While covering these trials, Ritz worked with several journalists, including the late New York Daily News reporter Theo Wilson, Associated Press senior trial reporter and special correspondent, Linda Deutsch, and Associated Press chief United Nations correspondent, Edie Lederer.

Ritz's courtroom drawings of the Angela Davis trial were featured in the 2012 documentary, Free Angela and All Political Prisoners.

Ritz continued to cover trials through the early 1980s. In the 1990s, the Associated Press brought Ritz out of retirement to cover the O. J. Simpson civil trial.

==Shows and exhibitions==

Early in Ritz's career, selected works (oil paintings) went on display at national juried shows at Corcoran Gallery of Art and at the Smithsonian.

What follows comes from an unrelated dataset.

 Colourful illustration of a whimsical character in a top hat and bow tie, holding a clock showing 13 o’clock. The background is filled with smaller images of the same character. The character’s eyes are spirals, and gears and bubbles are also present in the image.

During her years as a Courtroom Artist, Ritz's sketches appeared in numerous publications, including the Washington Post and various Associated Press affiliates. Ritz's sketches were also used on CBS news broadcasts and other media outlets.

In 1993, Ritz donated 1,837 courtroom drawings to the UC Berkeley Bancroft Library.

In 2005, the UC Berkeley Art Museum held an exposition of Ritz's sketches.

Later that year, the California Senate followed up with an exposition of Ritz's selected works.

==Death==
Rosalie Ritz died in California on April 18, 2008, nine months after the passing of her husband of 61 years, Erwin Ritz. She is survived by four children, five grandchildren and one great-granddaughter.